Alaska Senate puts $1,000 stimulus payment in budget bill
JUNEAU, Alaska (AP) — The Alaska Senate approved a budget provision Monday that would give residents a $1,000 payment as a way to blunt economic impacts from the coronavirus.
The provision, an amendment to a larger state spending package, passed 12-7 after the Senate rejected a proposed $1,300 stimulus payment. The underlying budget passed 17-1 later in the day, with Republican Sen. Lora Reinbold voting in opposition.
The House Monday evening declined to agree to the Senate version of the budget, setting the stage for a conference committee.
The stimulus provision would use earnings from the state’s oil-wealth fund, the Alaska Permanent Fund, which traditionally have been used to pay yearly dividends to residents. The budget bill itself proposed a dividend for later this year of about $1,000. That remained part of the bill.
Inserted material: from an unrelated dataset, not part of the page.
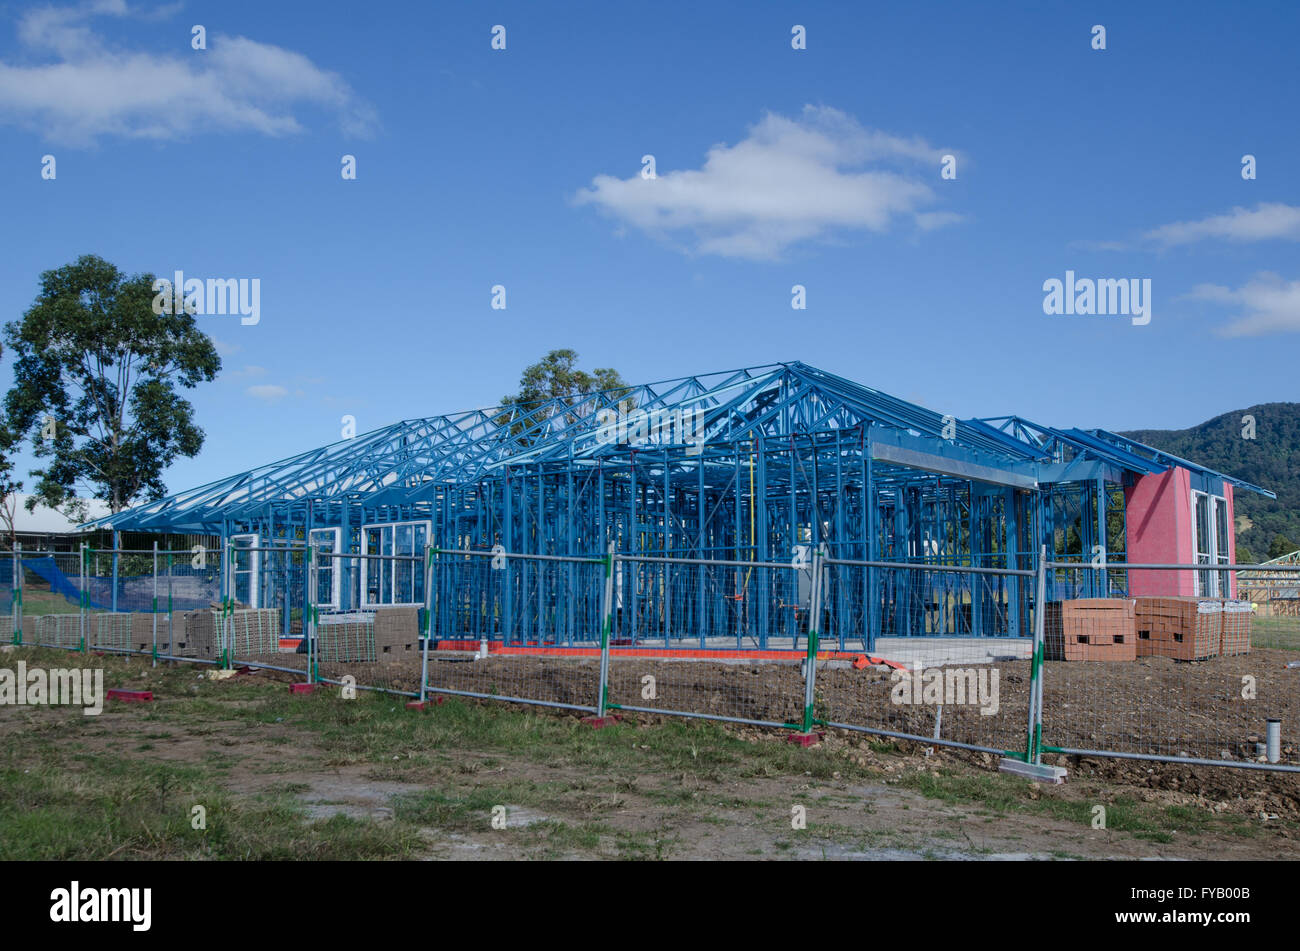 La construction de nouvelles maisons en Australie Banque D'Images

Several senators said an economic stimulus is critical, with many businesses temporarily closed or laying off workers as government officials seek to slow the spread of the virus. Sen. Mike Shower, a Wasilla Republican who sponsored the amendment, said he hoped the payments would be made as soon as possible.
Others supported more targeted relief that they said lawmakers were working on, or expressed concern with digging too deeply into permanent fund earnings.
“I’m concerned that it’s too broad and that money should be concentrated to the needy families,” said Sen. Bert Stedman, co-chair of the Senate Finance Committee. He said the provision would result in an excess draw on earnings, beyond what was scheduled to be withdrawn.
The adopted stimulus provision would go to eligible Alaskans who got dividends in 2019. Lawmakers also use earnings to help pay for government expenses amid a persistent budget deficit.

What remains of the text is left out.